Some however did not like it - and preferred the lecture/seminar format: for example of the 27 feedback replies this year, 15 were very positive about PBL, 5 didn't like it, 4 were not bothered and 3 didn't answer!! More liked the cue cards (21 Positive, 4 negative, 2 not bothered - and they all answered this time!)

The first year I ran the module this way, one of the main comments was that it had forced them to read more and to read more throughout the module. So this last year I specifically asked them if they agreed with this comment and whether they had read any book apart from the set textbook. Most of the students agreed with the comment and also set they had read outside the main text. However most had only read another textbook! So although they are reading - it is still very much textbooks and a small range at that.

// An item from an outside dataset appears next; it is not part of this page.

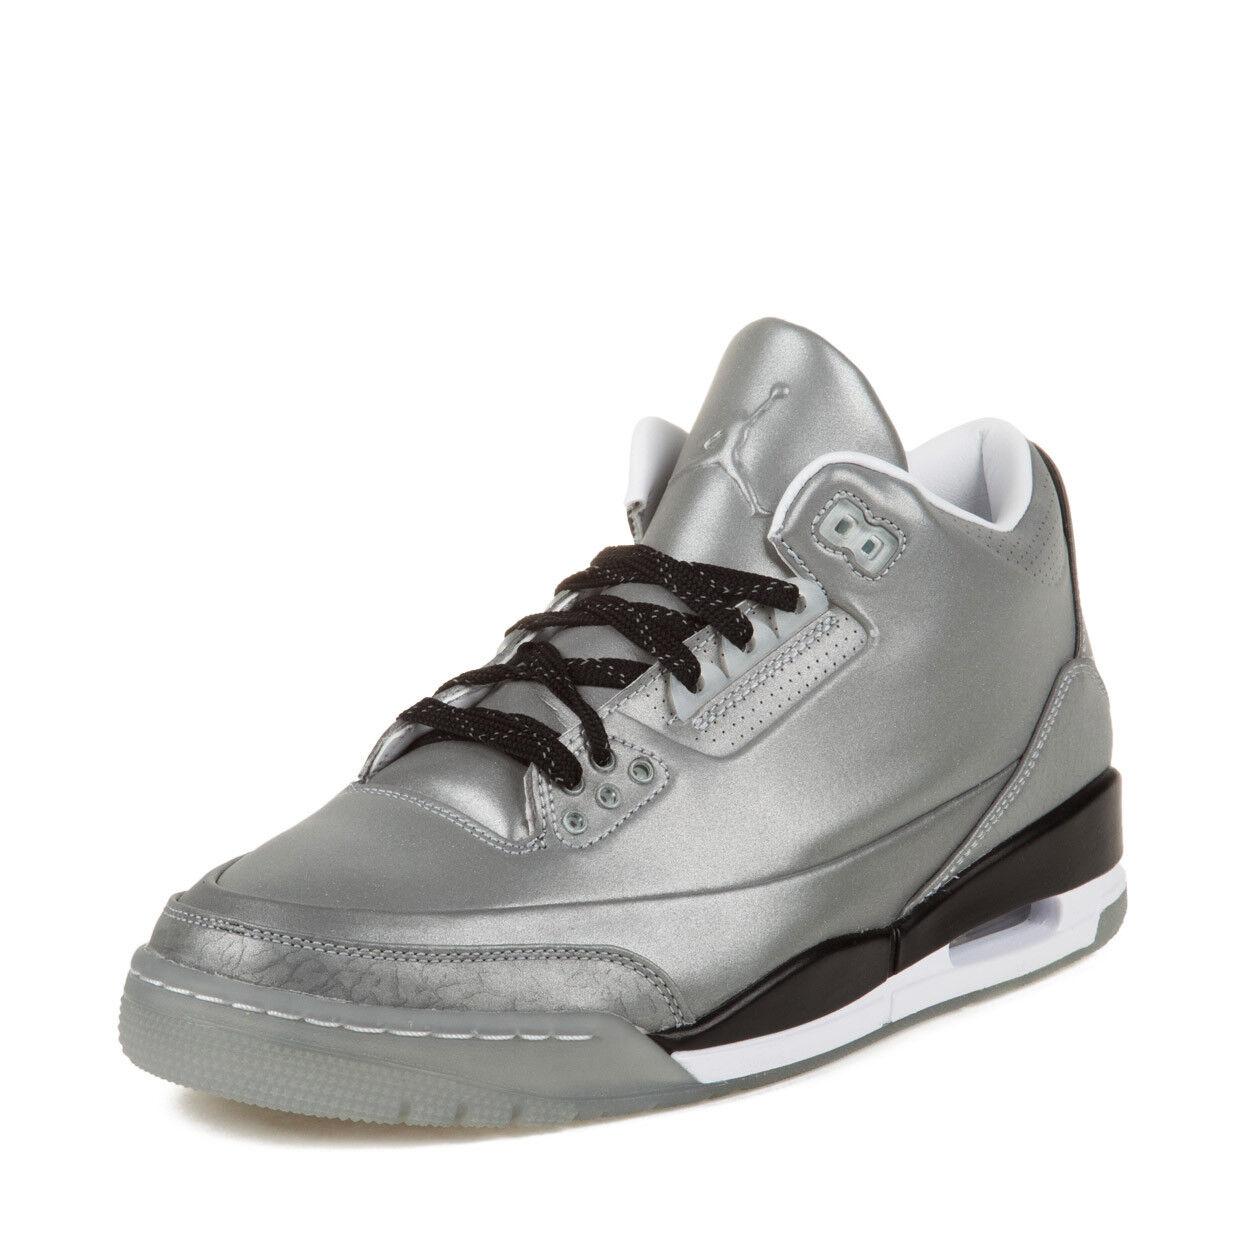 Nike Mens Air Jordan 5LAB3

Particular comments here were:

"It has kept me up to date with my reading rather than cramming at the end."
"Making notes and handing it in allowed more reading around topics from start to finish."
"I reviewed each week materials after the class".

I do have to say that in the two years I have taught the module there has been a great atmosphere in class - lots of discussions, trying to think through things (rather than waiting to be told) and lots of laughter. Working in groups in class has tended to be a big factor in this and I think this is something ignored by many commentators on PBL.

To sum up: I am convinced the PBL style is a major aid to improving student attendance;

I am convinced it does encourage students to try and think through problems.

BUT

  • I think it struggles in teaching the more theoretical areas.
  • I think it has not been as positive in the area of student reading as hoped for.
  • I think that it cannot be used without the traditional methods generally - especially in large classes.
  • I think part of the reason students loved it in my International Economics class was its novelty.

So in conclusion, I think I am still sceptical, but perhaps a little less so.